He seemed to like to talk about their adventures. They had been paddling all one day, he said, and were paddling still, as night settled down upon the Amazon. Suddenly there was a whirring sound like a great cataract.

“Paddle for your life,” shrieked the guide, and swinging the canoe about, they fled down-stream.

The whirlpool! Its encounter the greatest calamity that can befall a traveler upon the Amazon! No craft, however strong, once caught by the outermost edge of a whirlpool, can escape. Whether it is caused by a sudden squall brushing through the forest or a piece of the bank falling in, is not known. It is certain only that a whirlpool never occurs twice in the same place.

“Death in that region,” he went on, “is commoner than life. There is a horrible beast which the natives call a flying snake, with a blue head and a long prong upon it. It flies sting foremost. You are sauntering from your hammock to your cabin door.
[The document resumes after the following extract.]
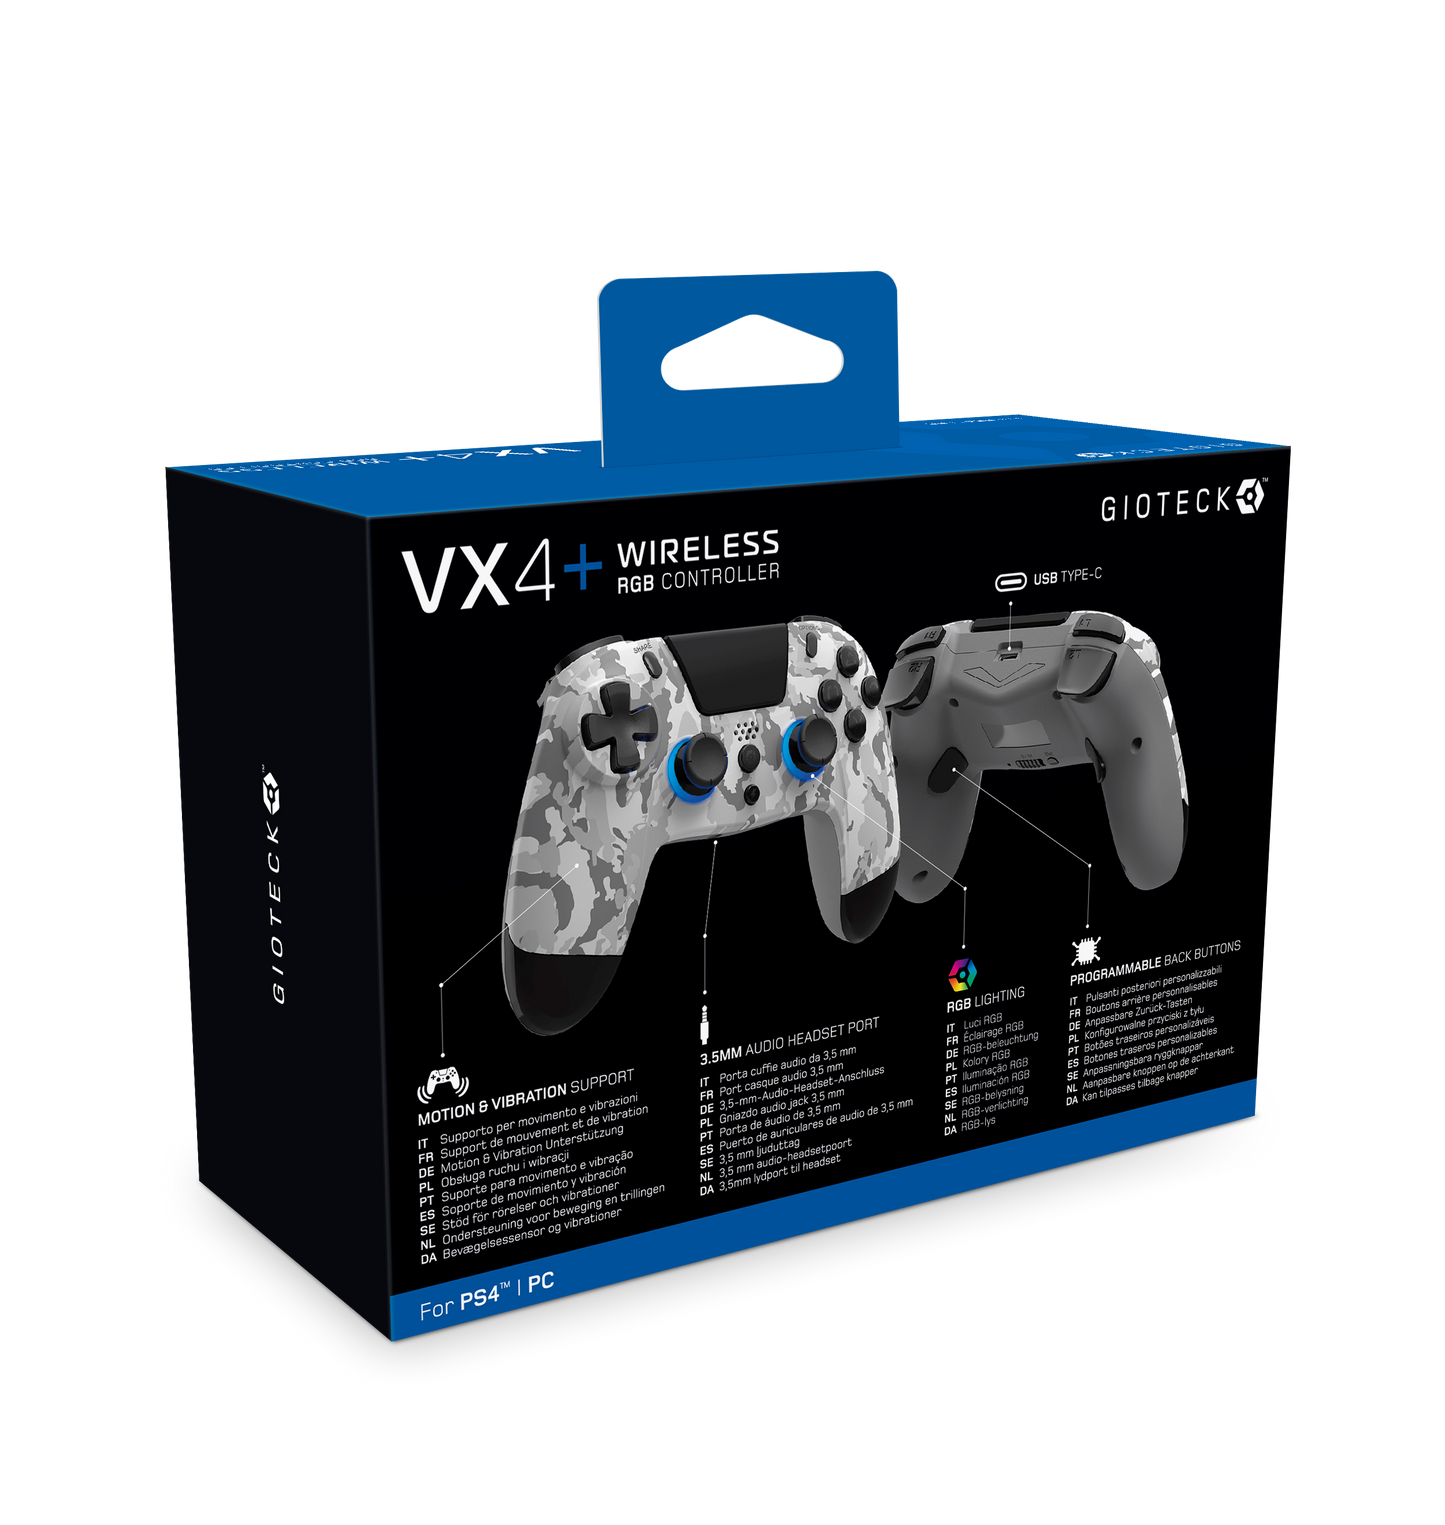 VX4+ Wireless Controller for PS4 PC Light Camo

The thing flies against you, and presto! you fall with the poison of his contact, and another grave must be dug on the sposhy banks of the Amazon.

“In Iquitos a woman bears a friend a grudge. She pays the police a small sum, and the next time her friend emerges, she is bound by the guardian of the peace, beaten until she falls, and is carried home to die. Prisoners there are allowed to order their own meals,” he added.
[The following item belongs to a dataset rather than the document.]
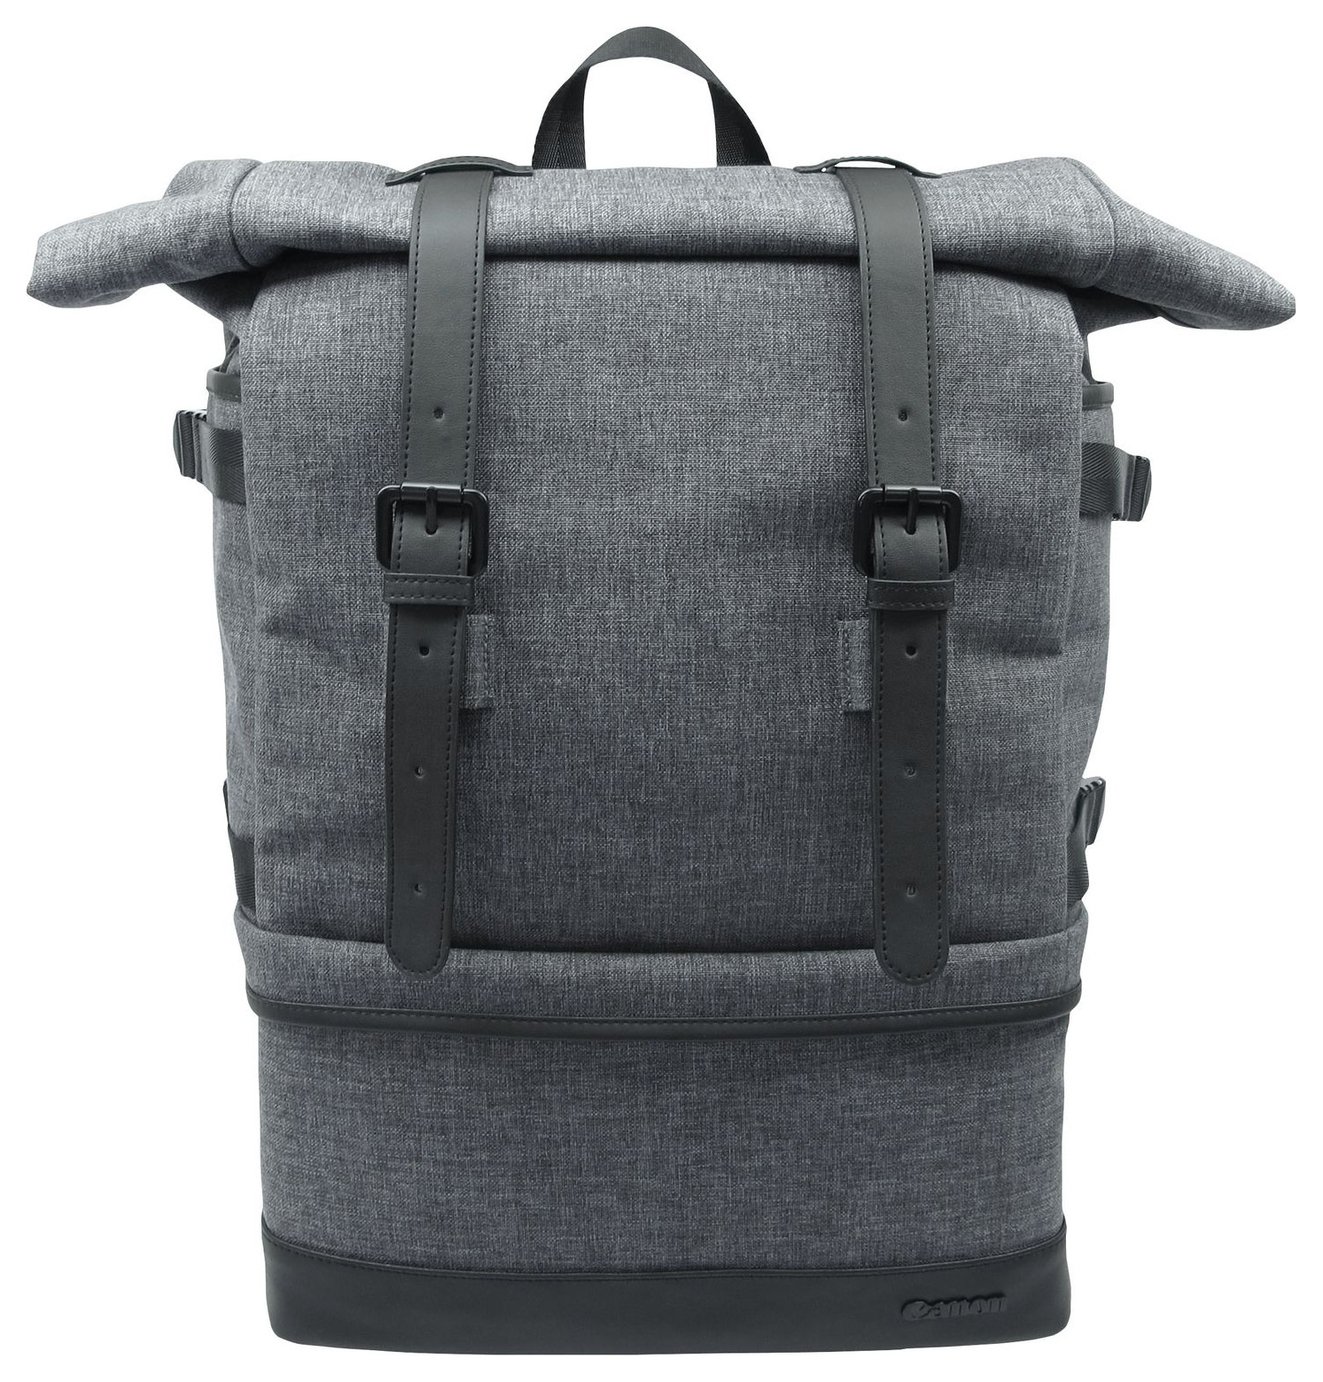 Canon BP10 DSLR Camera Backpack - Grey

Then came stewed guavas, served with whirls of white of egg and pink and white pellets.

II

Nearly everybody makes collections in Lima. In the ancient house of a marquis, with its court fountain, bougainvillea, and tall Norfolk Island pine, were benches of ebony with lower rounds worn into hollows by the feet of nuns; embroidered muslin stoles; queer manuscripts; tortoise-shell combs tall enough to be filled in with flowers; silver porringers; and a point lace parasol with a carved ivory handle—all relics of vice-regal days.

One room was musty as seventeen mummies could make it. Fifteen soles, they told us, was the price of a mummy. There were ancient, inlaid chests filled with cases of butterflies from beyond the mountains, huge snake-skins, overgrown orioles’ nests, necklaces of mummies’ teeth, and carved cases of huacos dug from Yunca grave-mounds—the pottery of mummies. Partly filled with water and rocked back and forth, the quaint things gave forth the same little half-whistle, half-sigh which notified their owners a thousand years ago that the precious water was being stolen. A soft bubbling, somewhere within the clay form, was supposed to imitate the voice of the animal painted on the outside. The liquids were meant to refresh a thirsty mummy on his death journey. He still holds his aching head. But the varnished lips were never parted, and the gurgling liquid of smoky flavor has never been sipped.

These jars were the ephemeral tablets on which a whole people chose to leave records of itself. The work of their hands can be held in ours. We can look into the staring Indian faces or upon the weird animals which pleased them, shining under a glaze which is the forgotten accomplishment of those remote tribes.